Demelza looked up. “What? When?”
“Now… if it is agreeable to you.”
It was. More than agreeable, actually. Demelza wished to sag against her father the way she had done as a child. She wanted him to fold up the vastness of the world so that it might fit in her palm. She imagined herself six years old and sitting on his knee, fighting for space with Corisande and Dulcinea or spitting out Eulalia’s feathers when her wings smacked Demelza across the face. In the evenings, they had always loved crowding into Prava’s study, where he would bring out the floating globe of the world. One by one, he would show them the terrains of strange countries. Warm Zazoa and the icy Yüttland Mountains. The freezing Ocean of Tresses and the eerie, green deserts of Miraze. He would show them the vast Isle of Malys surrounded by the Famishing. One by one, he would press his finger to these lands and they would light up and turn dark upon the globe’s surface.
Yours, yours, yours, he would say.
And then the globe would shrink to a marble, a mere plaything for Demelza and her sisters. The world no longer felt like a trinket; if anything, Demelza felt as though she were a toy within it. Perhaps her father would make her see differently.

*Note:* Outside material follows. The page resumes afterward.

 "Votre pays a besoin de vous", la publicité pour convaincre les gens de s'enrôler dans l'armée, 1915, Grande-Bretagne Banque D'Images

“I will see him,” she said.
The attendant nodded. “He will appear shortly.”
Moments later, the wall beside her vanity began to glow. The outline of the bricks took on a silver gleam. The air thrummed with magic as the bricks shivered apart. Bits of dust and mortar fell to the floor as a window appeared upon the once blank wall. The window was shaped like a large oval, with gilding around its border as if it initially dreamt of being an ornate mirror before it had changed its mind at the last minute.
Though there appeared to be no pane of glass, there was an uncanny iridescence to the air that suggested the boundary was not to be crossed. It had not been there the last time she had spoken to her parents and Demelza wondered if Queen Yzara and King Eustis had insisted upon certain conditions before Prava could see her. At first, nothing appeared on the other side of the window but a swirl of smoke… and then slowly, shapes coalesced. Her father’s study, with its teetering piles of cobwebbed books. An astrolabe on a bone table. And then, finally, Prava, who sat in his favorite armchair.

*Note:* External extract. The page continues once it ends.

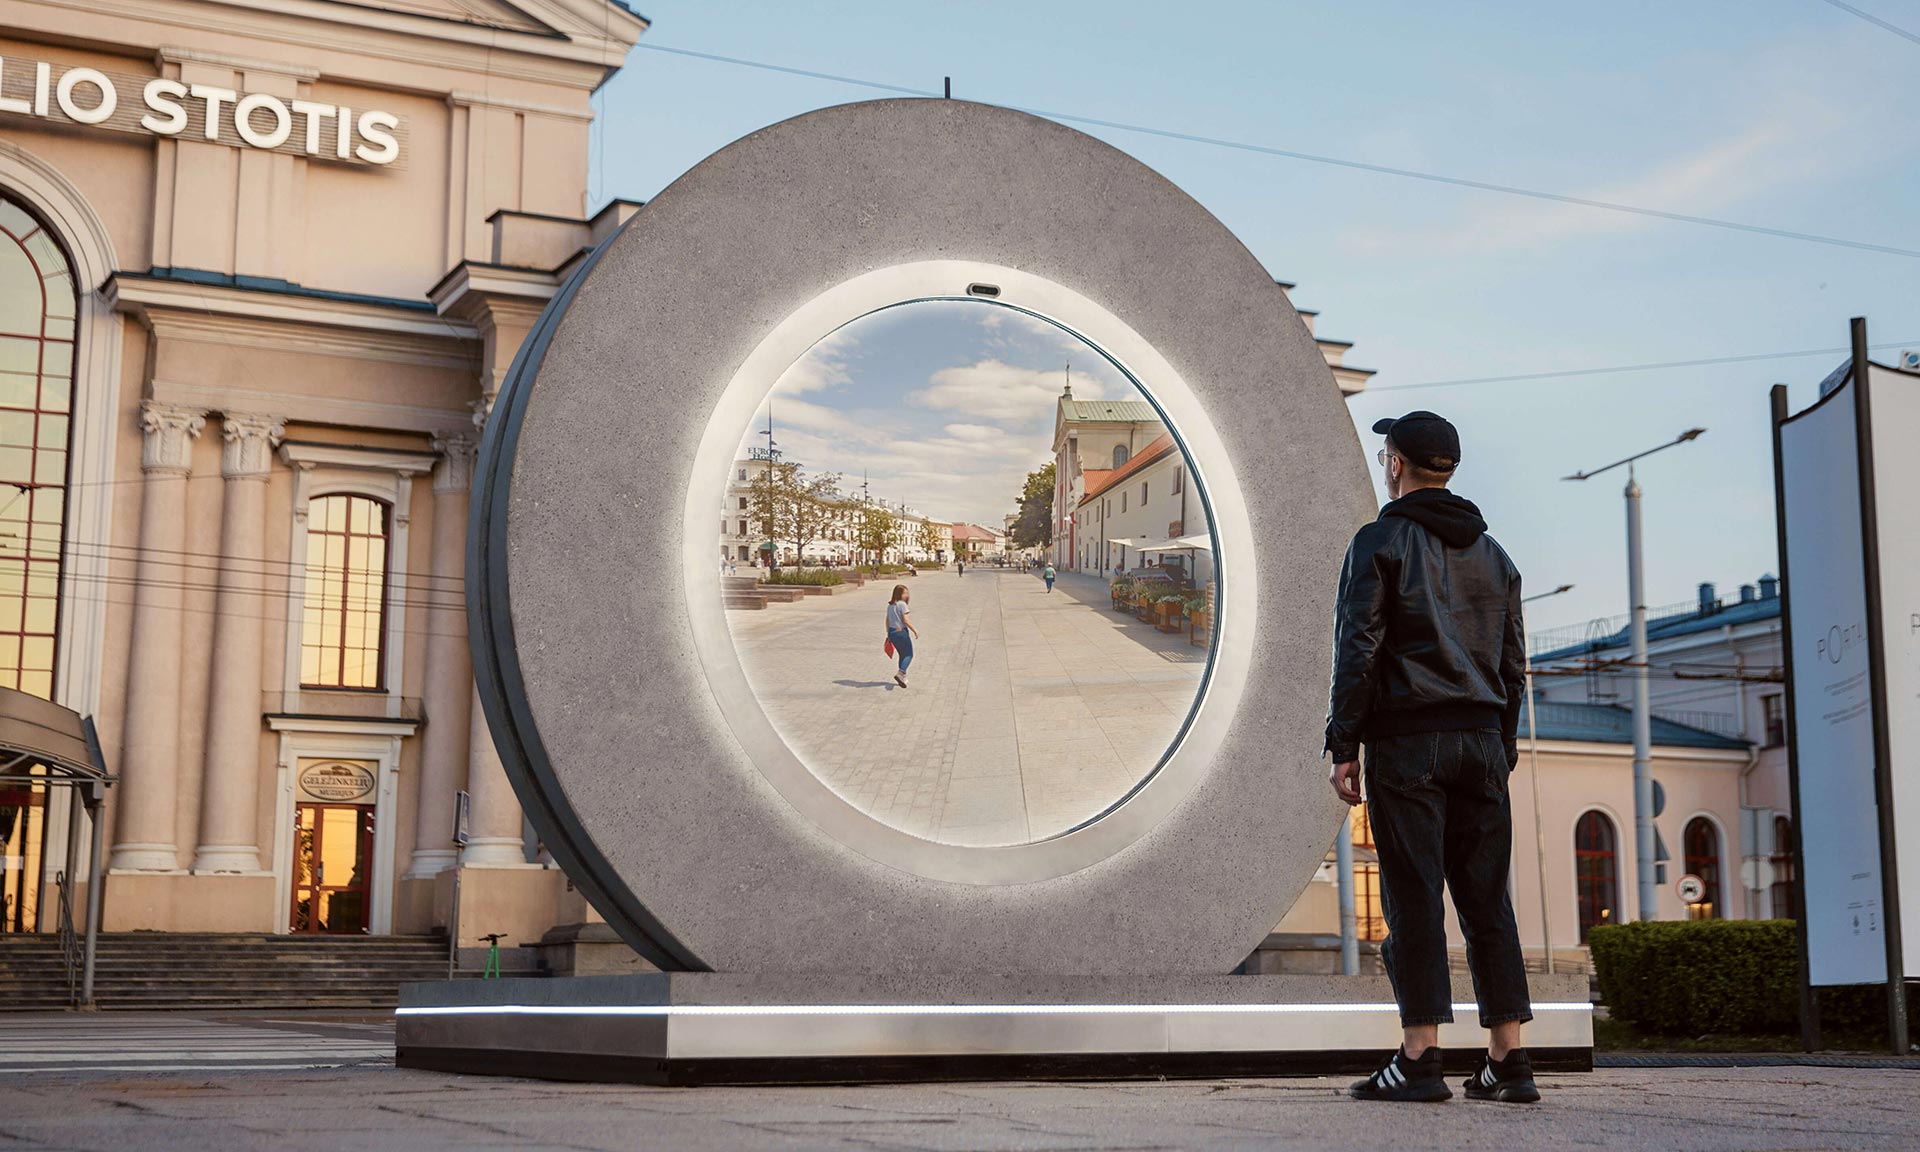 Mezi prvními dvěma městy Vilnius a Lublin vznikl futuristický Portal

“Oh, my Demelza,” he said, sniffing. He withdrew a handkerchief from his sleeve and blew his nose loudly. Even though he could not be a wedding guest, he had still dressed for the occasion. His hair, a duller version of her own, was combed back. He wore a worn-looking suit, with buttons shaped like teeth fastened down the front. Demelza looked a bit closer. Never mind, those were actual teeth.

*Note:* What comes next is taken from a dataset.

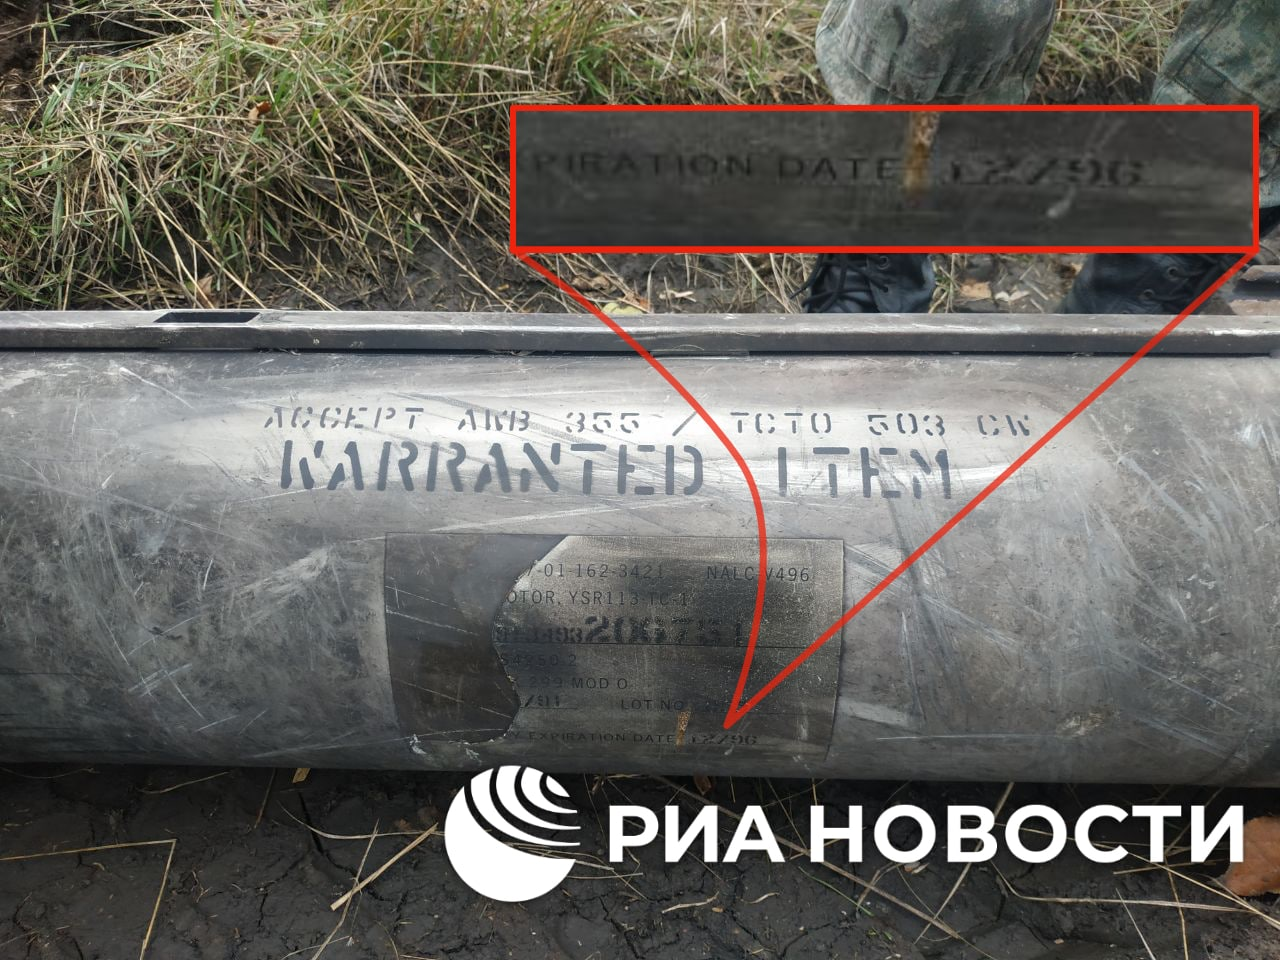 Двигатель американской ракеты, найденный у Донецка. Фото © Telegram-канал РИА "Новости"

“Hello, Father,” she said.
She had not forgiven him for asking to carve out her heart, but he was her father and she loved him and affection crept into her voice whether she wanted it to or not.
“I can’t believe you are to be married and I am not permitted to be there!” he fumed. “Who’s to walk you down the aisle? Because if it’s Eustis, that starry-eyed sack of flour, I shall burn down this Isle—”
“Mother is walking me,” said Demelza.